THE TASK => Begin your copy at the line holding "Flame Electric Guitar" and end it at the last line of the listing. Keep every line exact and leave out the pictures.

SUPPLIED MATERIAL =>
····················

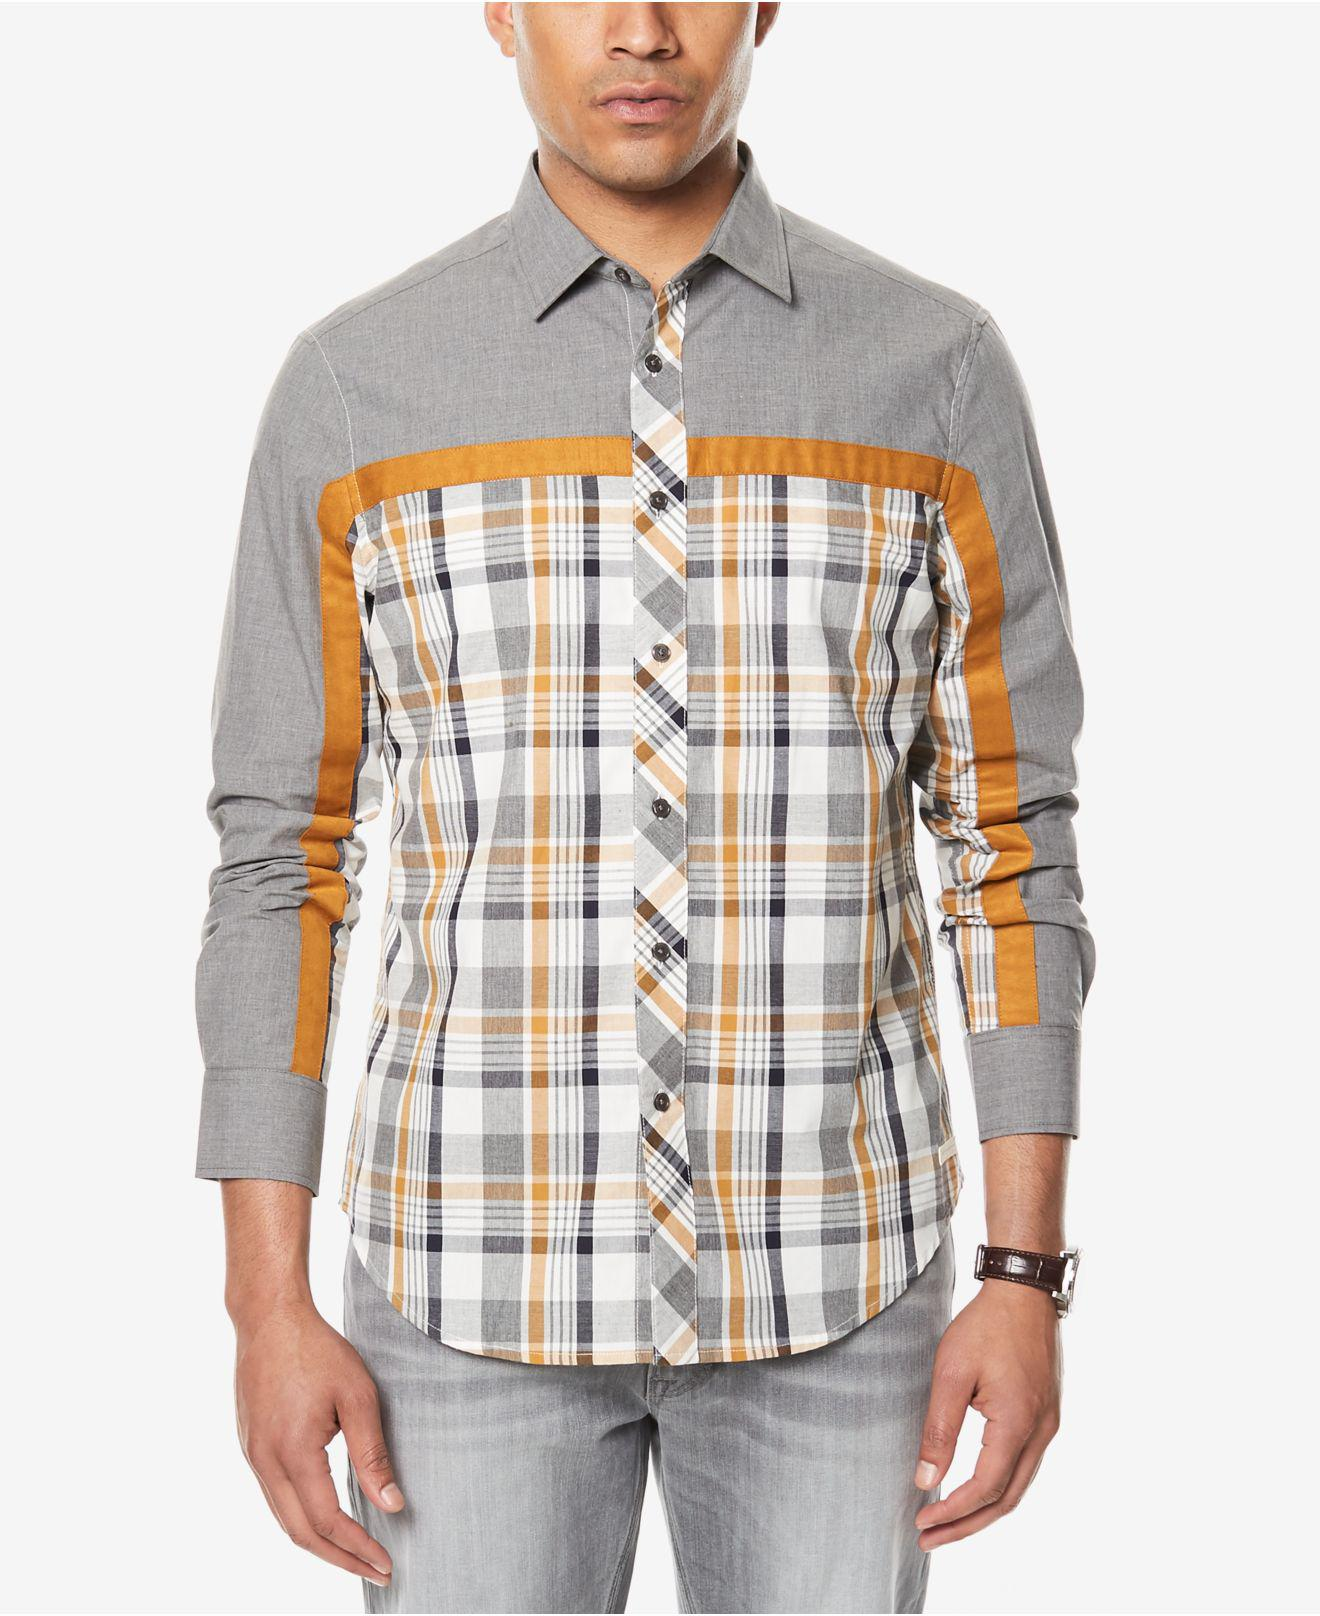 a5774ccc Lyst - Sean John Men's Melange Colorblocked Shirt in Gray for Men
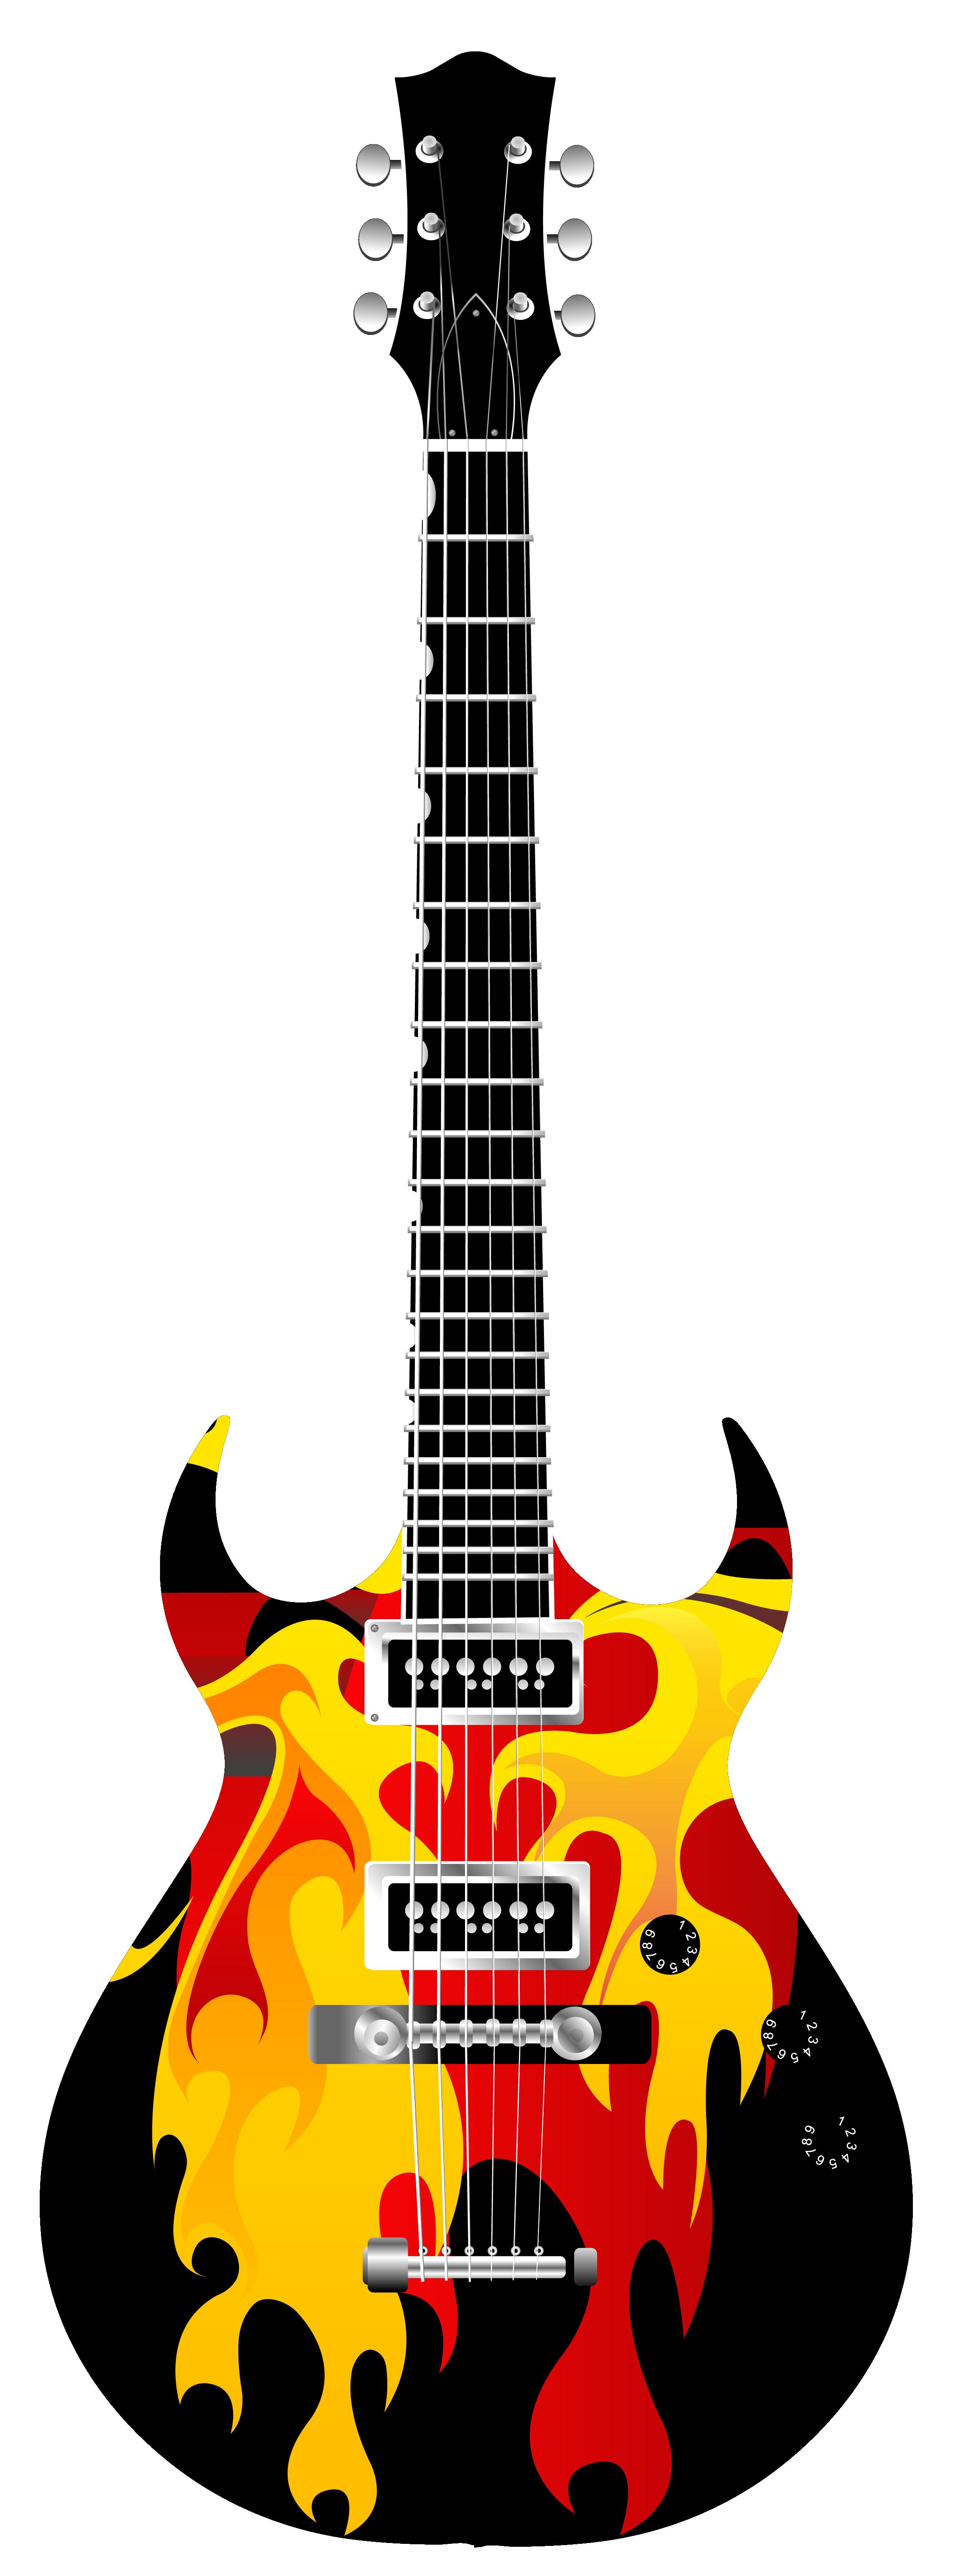 Flame Electric Guitar Png Image Electric Guitar Guitar Cool Guitar
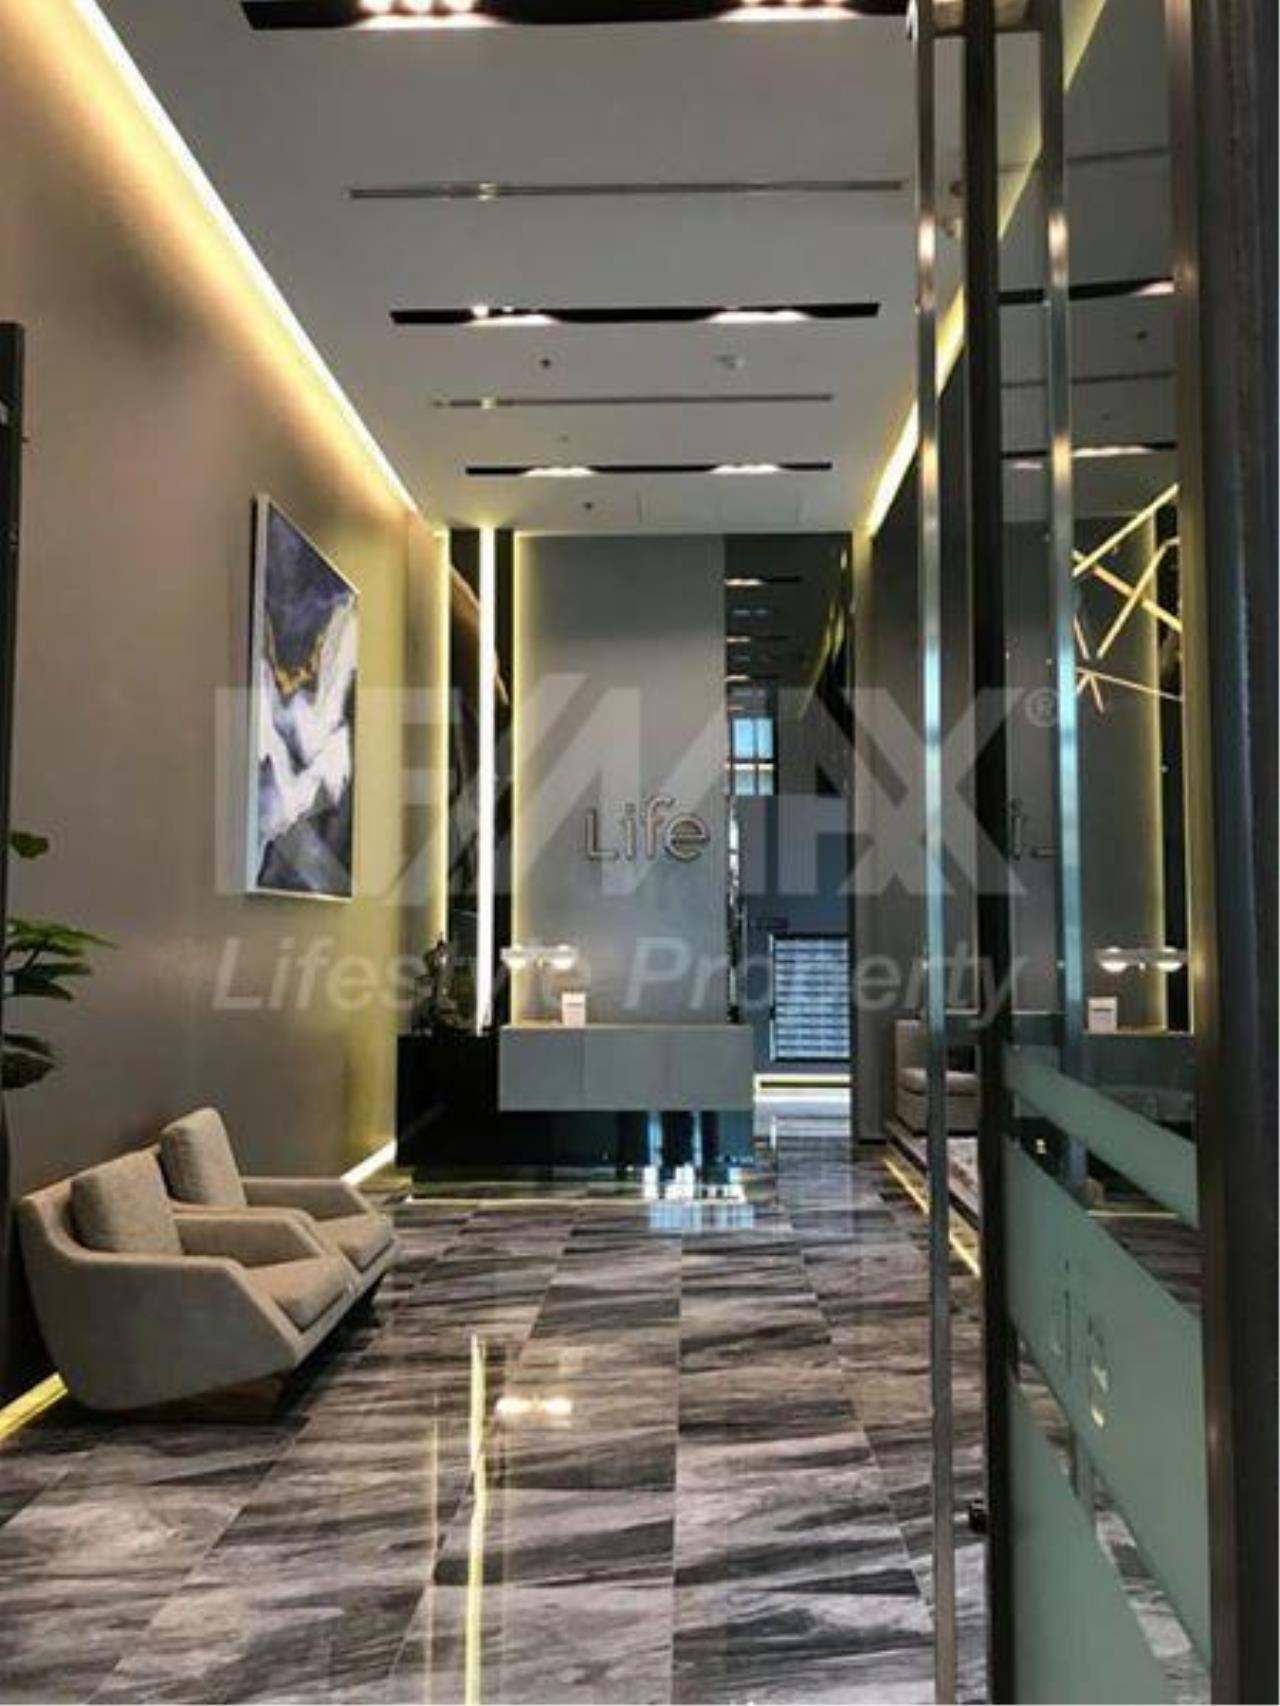 RE/MAX LifeStyle Property Agency's Life Sukhumvit 48 5

····················

ANSWER SPACE =>
 Flame Electric Guitar Png Image Electric Guitar Guitar Cool Guitar
 RE/MAX LifeStyle Property Agency's Life Sukhumvit 48 5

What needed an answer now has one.